Honey guide
London Has More Beehives Per Square Mile Than Countryside
London has around 7,000 registered hive sites — more than many rural counties. Find out why urban bees often outperform countryside bees, and where saturation is a problem.
By Honey Honey Honey · Published 3 June 2026

How many beehives are there in London, and how does this compare to rural areas?
London has approximately 7,000 registered hive sites, with estimates of the actual hive count running between 14,000 and 20,000. Registration with the National Bee Unit's BeeBase system is voluntary, so the real figure is likely higher.
The hive density in London is striking when compared to rural counties. Many predominantly agricultural English counties — where you might expect intensive livestock or arable farming — have far fewer registered hives per square kilometre. The reason is straightforward: urban areas concentrate hobbyist and commercial beekeepers in a small geography, and cities have a long tradition of rooftop, garden, and allotment beekeeping.
By comparison, an equivalently sized area of intensive arable farming — dominated by wheat, barley, or oilseed rape with limited hedgerow — supports fewer beehives because the flower diversity outside of OSR season is limited and there is less demand from people who want to keep bees.
London's size (around 1,572 square kilometres) means the total hive number is spread across a range of habitats: inner-city parks, outer suburban gardens, allotments, rooftops, and green corridors along the Thames. Hive density is not uniform — central London boroughs have more hives per hectare than outer boroughs, creating localised forage pressure.
The growth in London beekeeping has been substantial. LBKA membership roughly doubled between 2008 and 2020, driven partly by media coverage of urban food production and partly by the growing public interest in pollinator decline. This growth has been positive in some respects — public engagement with bees has increased — but has also created pressure on available forage in densely hived areas.
Why do London bees sometimes produce more honey than rural bees?
London bees have access to a longer and more diverse flowering season than many rural bees, which is the main reason urban colonies can outperform rural ones in honey production.
In arable countryside, the season has distinctive peaks — oilseed rape in April–May, white clover in June–July — followed by a hungry gap in August and September when few crops are flowering. Urban bees face no such gap. London's parks, gardens, street trees, and allotments flower continuously from early March through October.
Lime trees (Tilia species) are particularly significant. London's streets are lined with both native and non-native lime trees, which produce nectar in July in quantities that can trigger a strong honey flow. A beekeeper with hives in a lime-lined London street may see rapid super-filling during lime flowering that matches or exceeds OSR flow.
Garden diversity also matters. A typical London residential street garden contains dozens of plant species with varying flowering times. Lavender, borage, phacelia, comfrey, buddleia, and many ornamental species all provide nectar across different weeks.

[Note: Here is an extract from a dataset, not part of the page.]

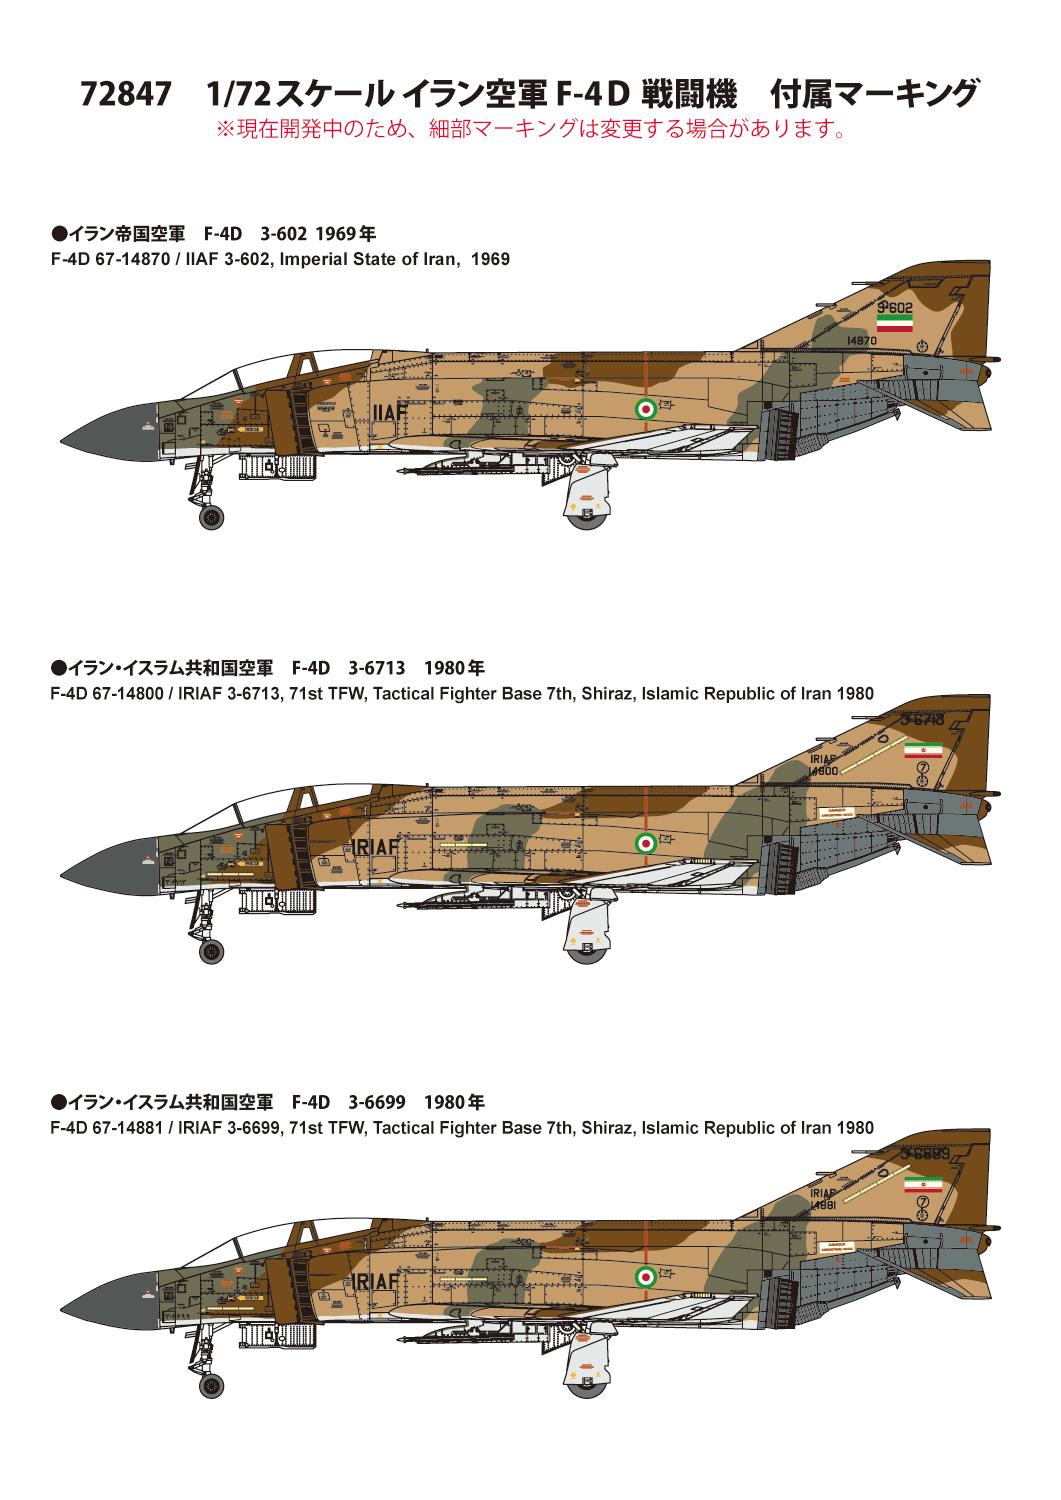 超ポイント祭?期間限定】 1 72 イラン空軍 F-4D 戦闘機 プラモデル ファインモールド bioshop-dakar.com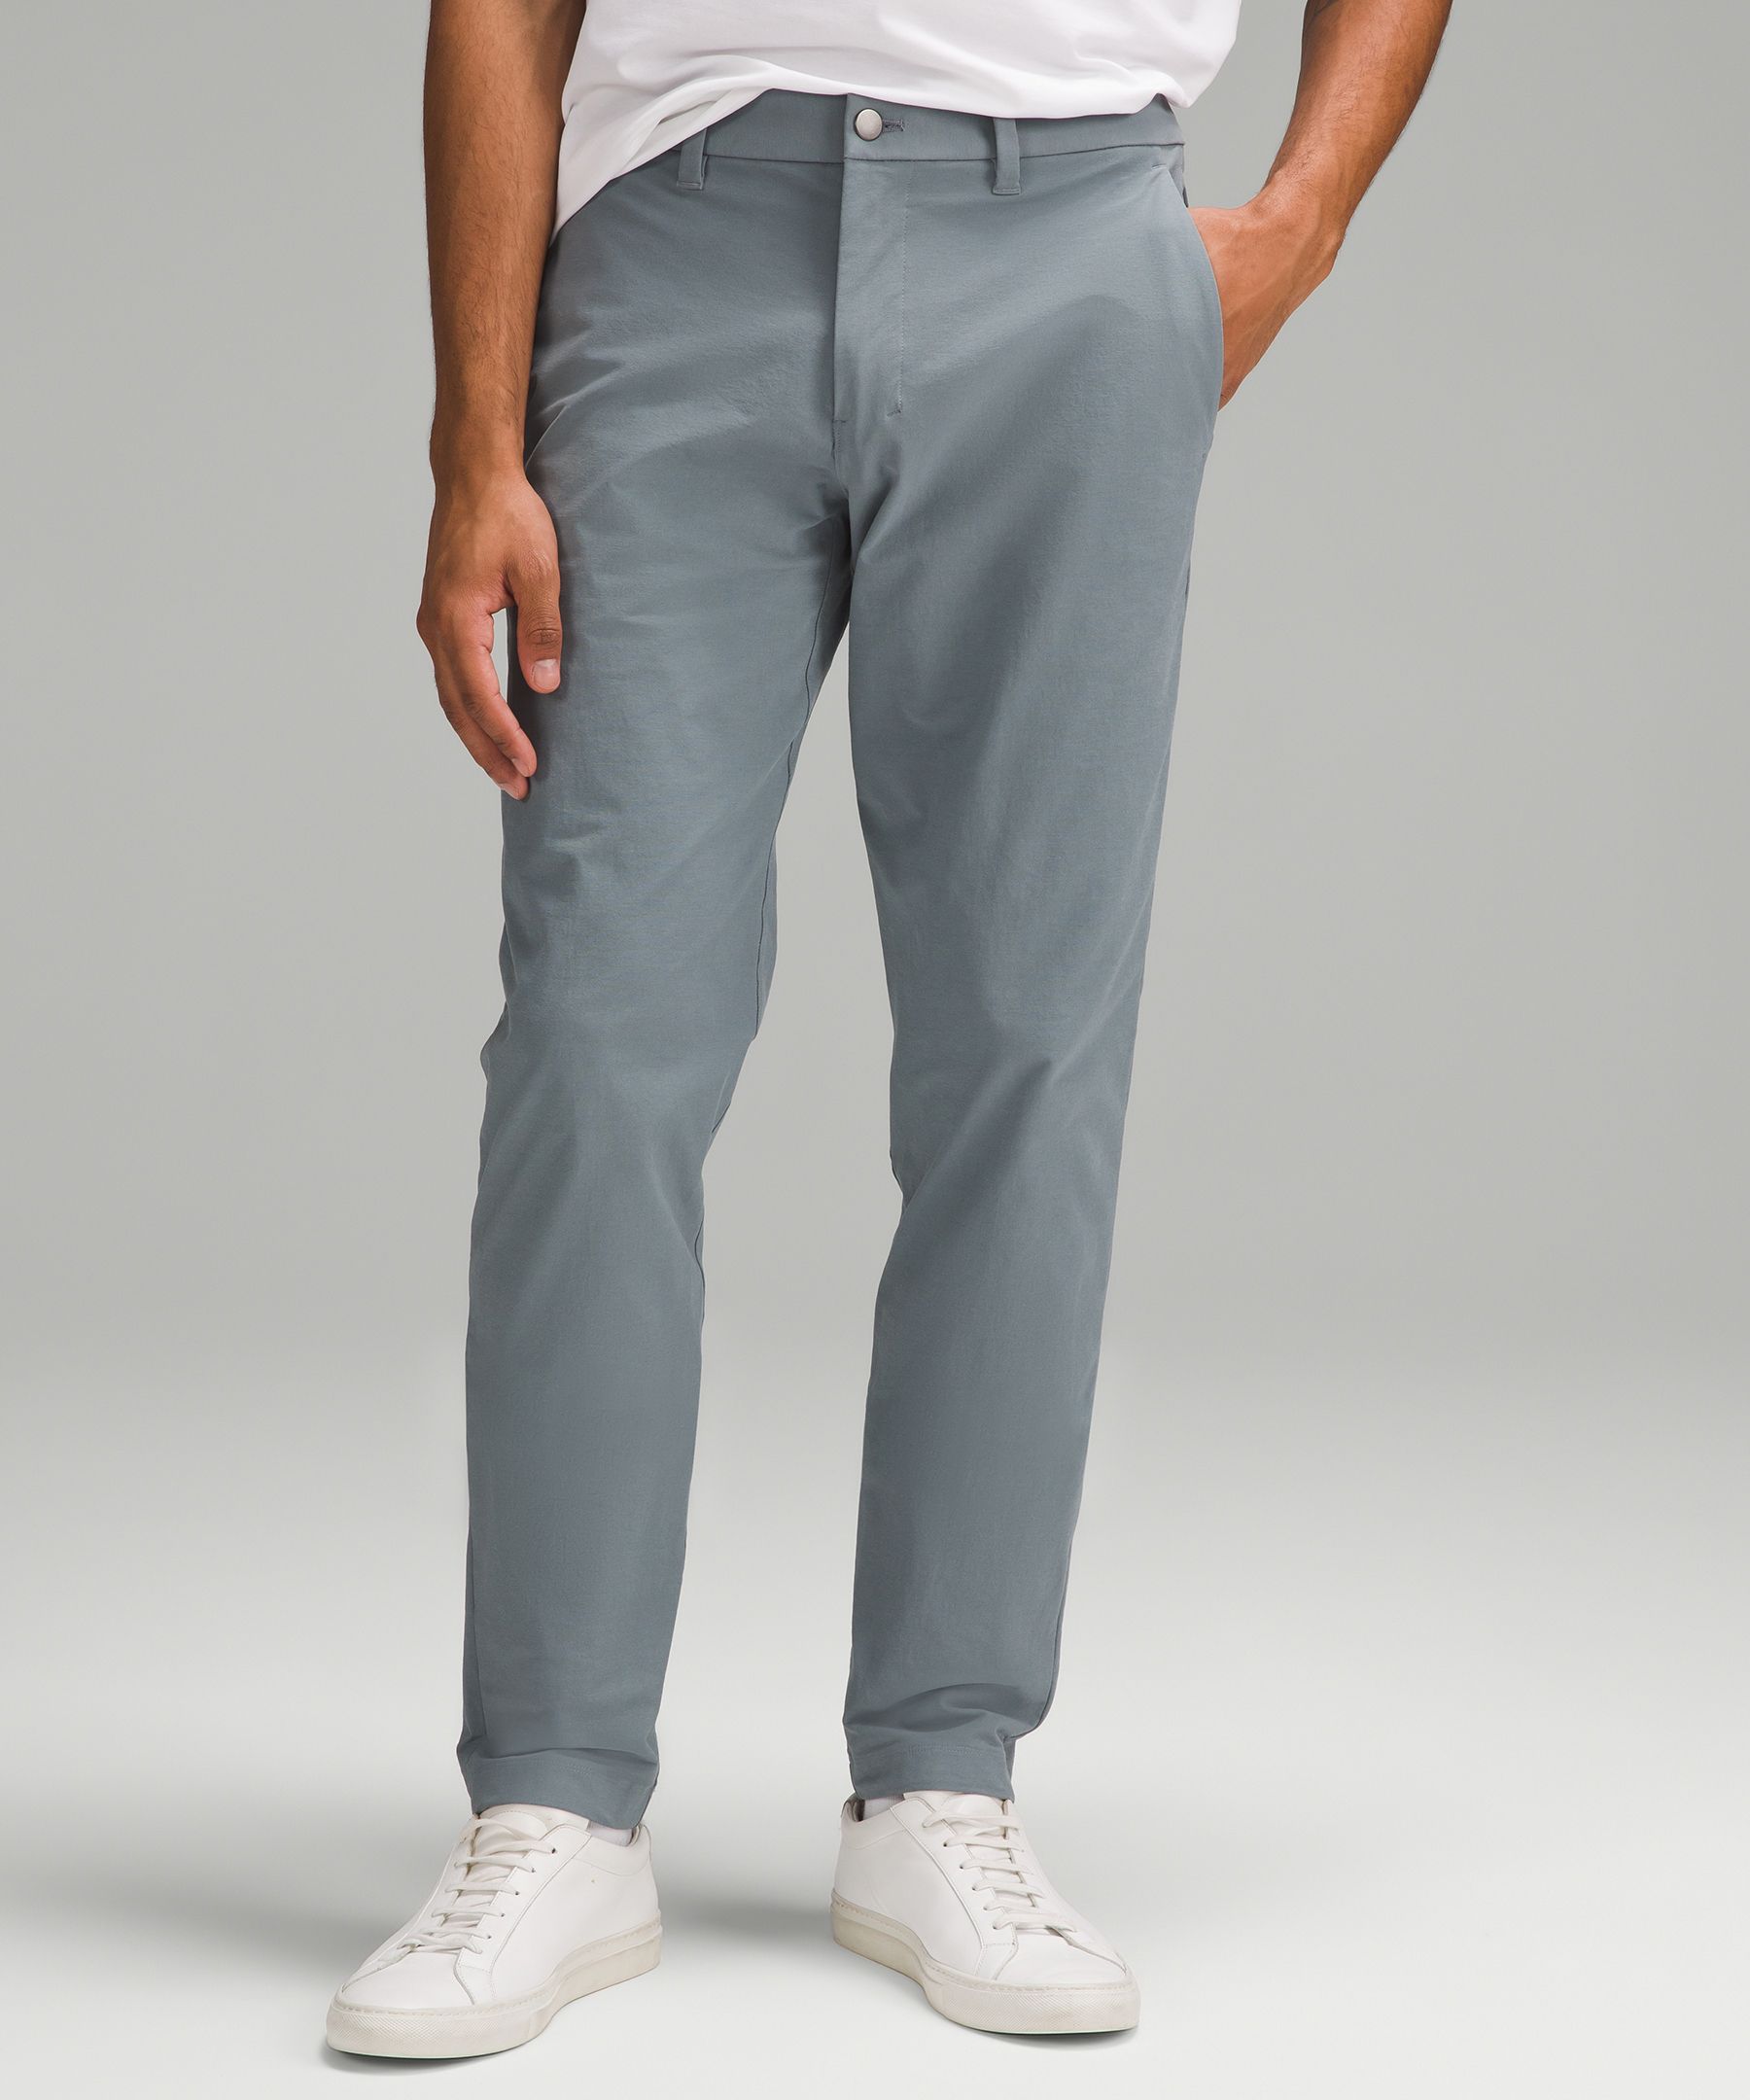 ABC Slim-Fit Trouser 34"L *Stretch Cotton VersaTwill | Men's Trousers

This constant availability means bees can maintain foraging and colony growth through months when countryside bees would struggle.
Some recorded annual yields for well-managed London colonies exceed 25–30 kg per hive — comparable to productive countryside operations. The LBKA and individual beekeepers have documented these figures over multiple seasons.
The diversity also means London honey is typically a complex multifloral blend. It rarely tastes like any single variety. The flavour changes year to year depending on which plants were most productive in a given season.
What plants do London bees rely on for nectar across the seasons?
London bees use an unusually wide range of nectar sources, which changes week by week through the season.
Spring (March–April): Flowering cherries and other ornamental Prunus species, willow catkins, hawthorn, dandelion, and horse chestnut provide the first major nectar flows. These help colonies build population after winter and begin storing spring honey.
Early summer (May–June): White clover in parks and lawns is a major source. Borage and phacelia on allotments, comfrey in gardens, and the first lavender flowers add to the flow. Bramble in railway margins and green corridors flowers from late May.
Mid-summer (July): Lime trees dominate. London has an estimated 300,000+ street and park trees, a large proportion of which are lime. The nectar flow from limes can be intense but brief — 2–3 weeks — and is one of the most productive single flows London bees experience.
Late summer (August–September): Lavender continues, along with Himalayan balsam in riverine areas, rosebay willowherb, and a second flush of clover and borage on allotments. Some gardens have late-flowering ornamentals that extend foraging into October.
Autumn (October): Ivy is a critical late-season source. Ivy nectar is rich in glucose and bees actively forage it through October and into November in mild years. Late ivy foraging helps top up winter stores.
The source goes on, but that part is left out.